Mehr Madonna, weniger Freakshow

«Es könnte voller sein», stellte ein Besucher lapidar zu Beginn der Show fest. Er hatte recht. Etliche rote Klappstühle blieben unbesetzt und auch in der hinteren Hälfte der weiss bedeckten Rasenfläche standen die Zuschauer alles andere als dicht gedrängt. Um 20.38 Uhr ging das Licht aus, ein verhaltener Applaus begrüsste sechs bordeauxfarbig verhüllte Mönche, die einen gigantischen Weihrauchkessel über der Bühne schwenkten und die Show einläuteten.

Was Madonna während der ersten drei Songs ihrer MDNA-Tour bot, war eher eine gewalttätige denn eine gewaltige Show. Mit Maschinengewehr und Knarre schoss sie auf ihre Tänzer, hing in «Gang Bang» in einer kleinen Motelzimmer-Atrappe an der Alkoholflasche, die vermutlich mit Bio-Miso-Suppe gefüllt war und liess auf einer Leinwand hinter ihr Blut spritzen. Das Ganze war etwas irritierend. Man kann nicht sagen, die Menge hätte getobt.

Ab Lied vier, «Papa don’t preach» wurde dann niemand mehr erschossen, Madonna schwang ihr Bein in Yogamanier über den Kopf und selbst auf den Sitzplätzen begannen Einzelne zu tanzen. Ab Song acht, «Give me all your Luvin’» in Cheerleaderoptik und mit hämmernden Tamburen schien das Eis aufzutauen und auf der Bühne war mehr Madonna und weniger Freakshow zu sehen. Dem Publikum wars recht.

«Free Pussy Riot!»

Dann ein Publikumspiel aus aktuellem Anlass. «Free Pussy Riot», forderte Madonna und äusserte so ihren Missmut über die Haftstrafe der drei russischen Punkmusikerinnen. Das sei ein ungerechtes Urteil, so Madonna. Sie wolle den Rest ihres Lebens gegen Diskriminierung und Vorurteile kämpfen. Jedem Satz fügte sie ein autoritäres «Okay?!» an. Jeder solle den Gott anbeten, an den er glauben wolle und seine Meinung frei äussern dürfen. «Okay?!» Und man solle hier und heute dafür zu kämpfen beginnen. Auch in der Schweiz. «Okay?!» Die Schweizer Neutralität müsse jetzt ein Ende nehmen – und immerhin brachte sie die Zürcher Konzertbesucher schon mal dazu, «Free Pussy Riot» zu skandieren. Okay!

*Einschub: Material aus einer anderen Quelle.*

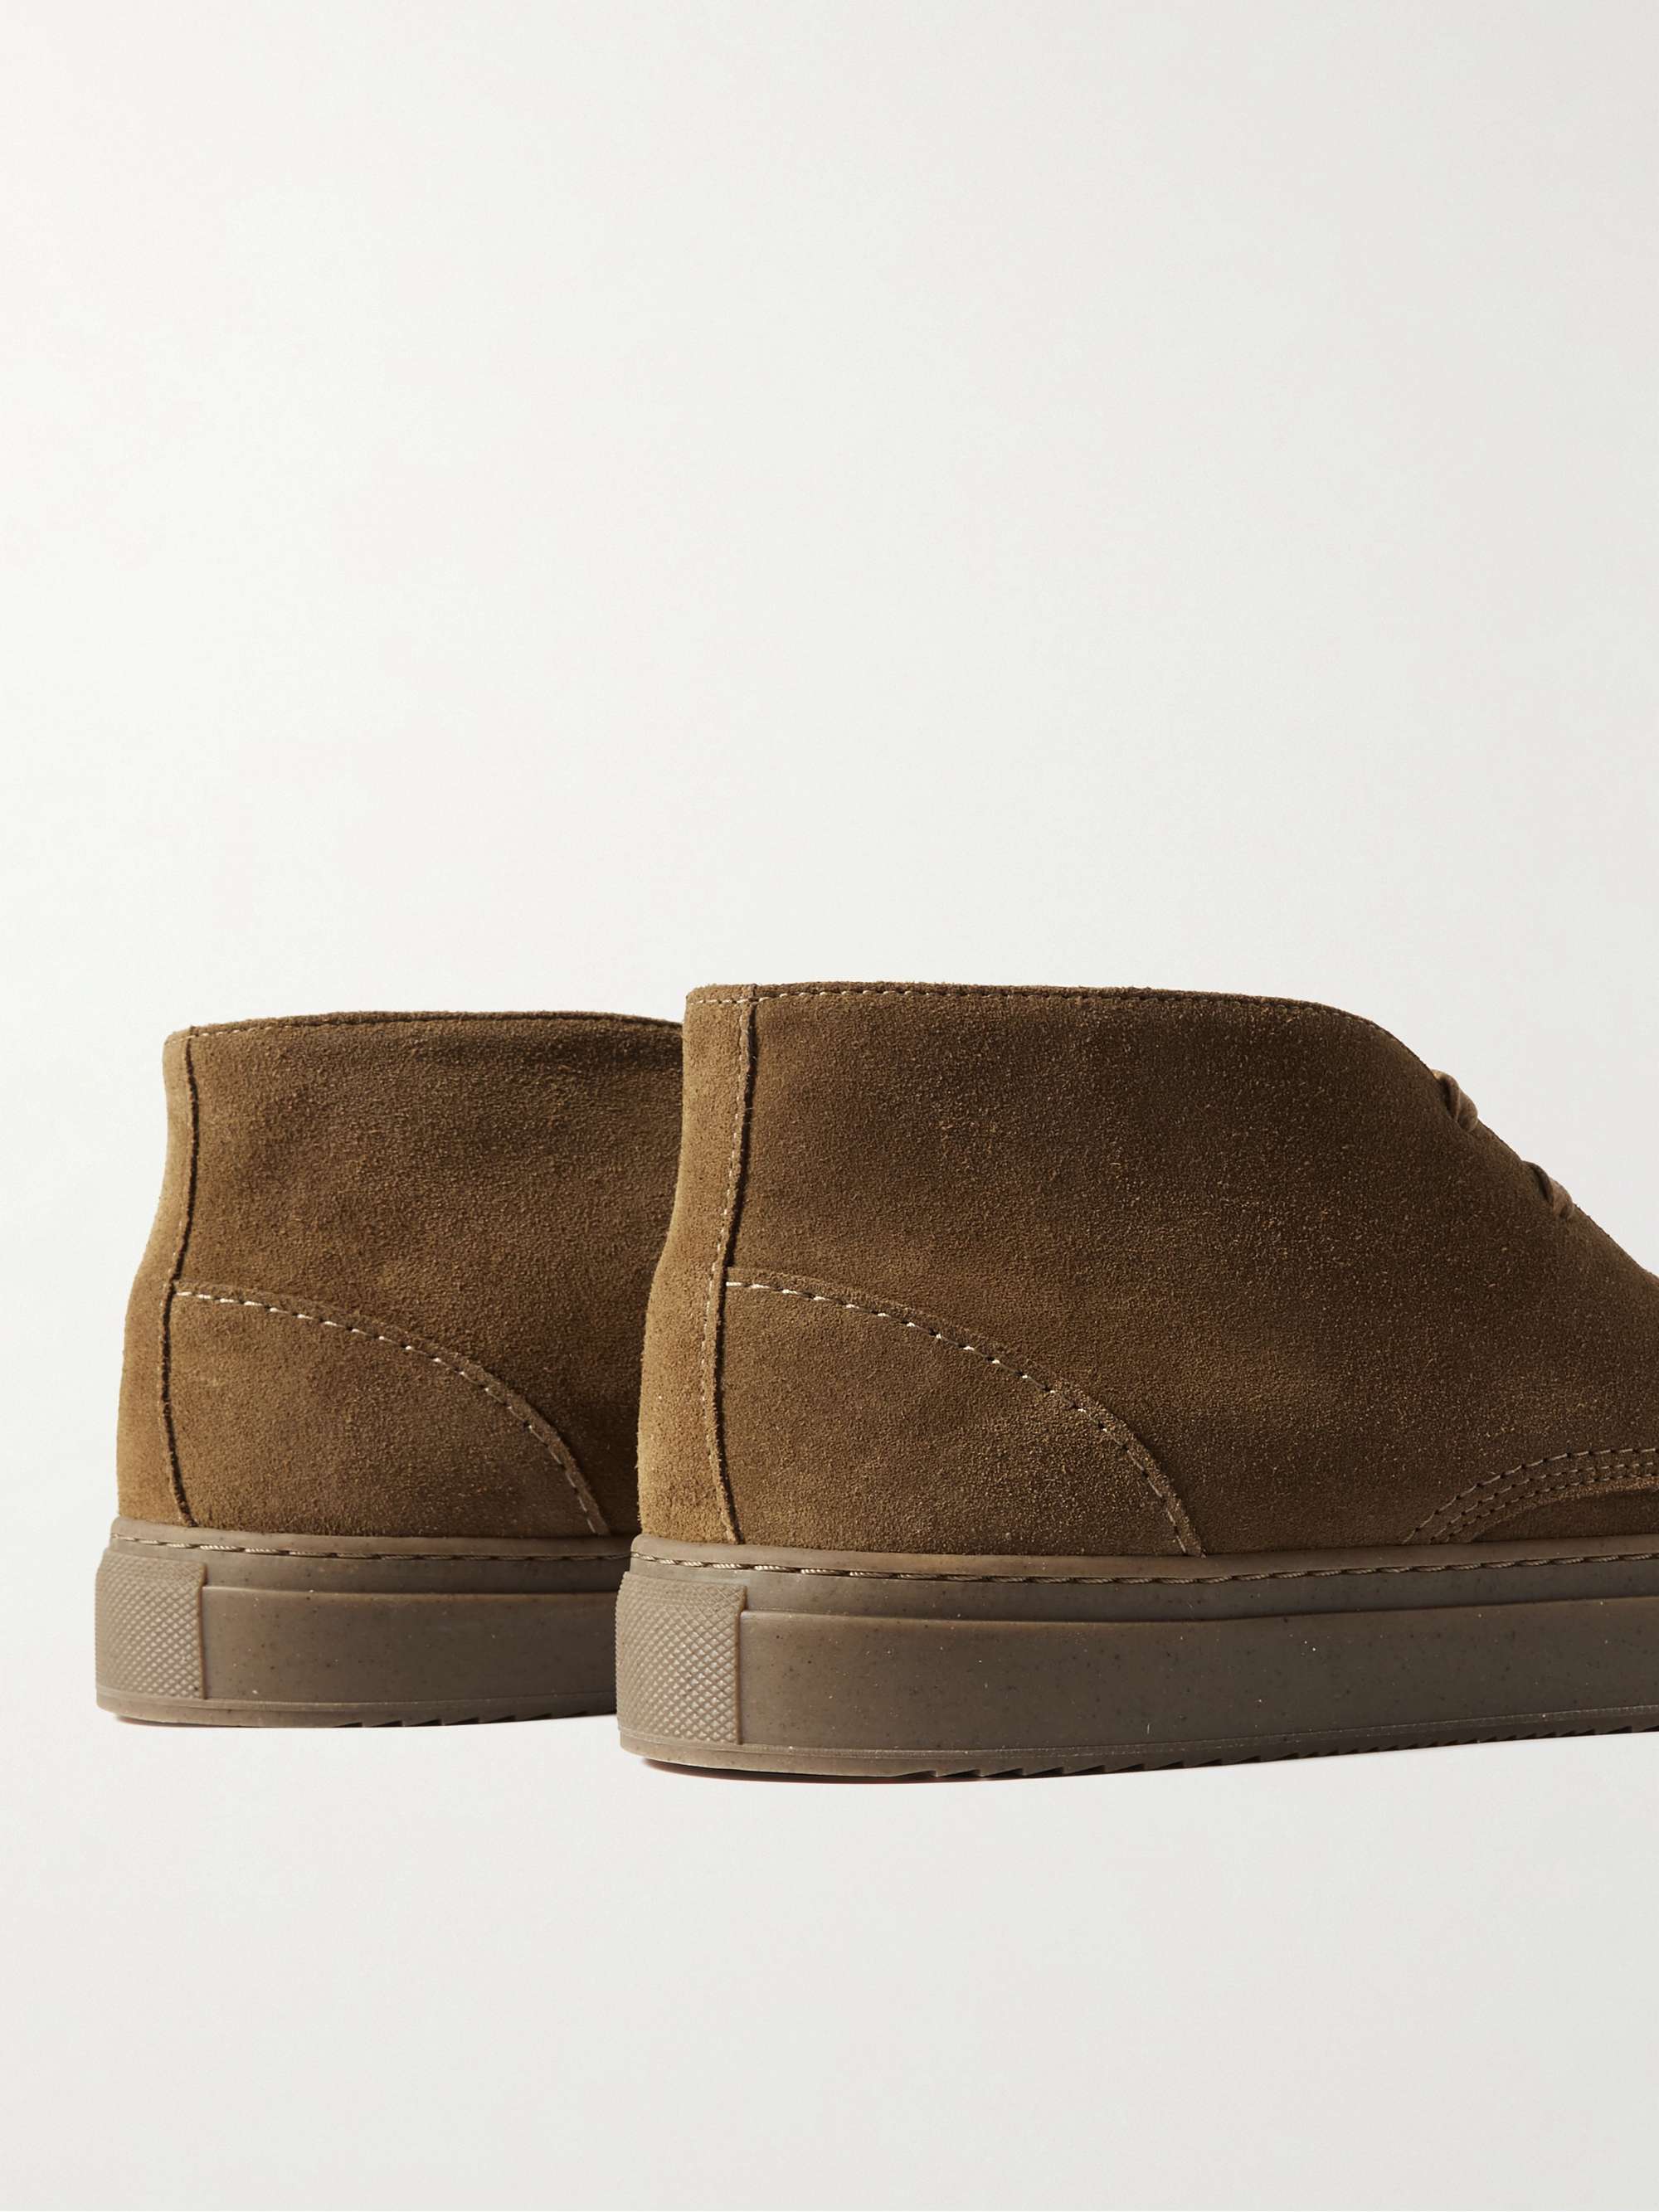 MR P. Larry Split-Toe Regenerated Suede by evolo® Chukka Boots

Danach zog sie in «Human Nature» die Hosen ein wenig herunter und zeigte den vordersten Reihen den blanken Ansatz ihres durchtrainierten Popos, wofür sie mit tosendem Applaus belohnt wurde. In «Erotic Candy Shop» betatschte Madonna ihre Tänzerinnen, was aber – auch kostümtechnisch – eher an DJ Bobo als an die Sexgöttin, die Madonna einst war, erinnerte. Zu glatt, zu einstudiert.

Auf den stimmungsmässigen Höhepunkt kam das Konzert bei dem vorletzten Lied, «Like A Prayer». Die Hände der Zuschauer schnellten in die Höhe, Madonna und die Menge waren im pumpenden Rhythmus der Nostalgie vereint. So lässt sich denn auch der Abend – und wohl auch Madonnas mittelfristige Live-Zukunft zusammenfassen: Spielt sie ihre Klassiker, ist die 54-Jährige ihr Geld immer noch wert.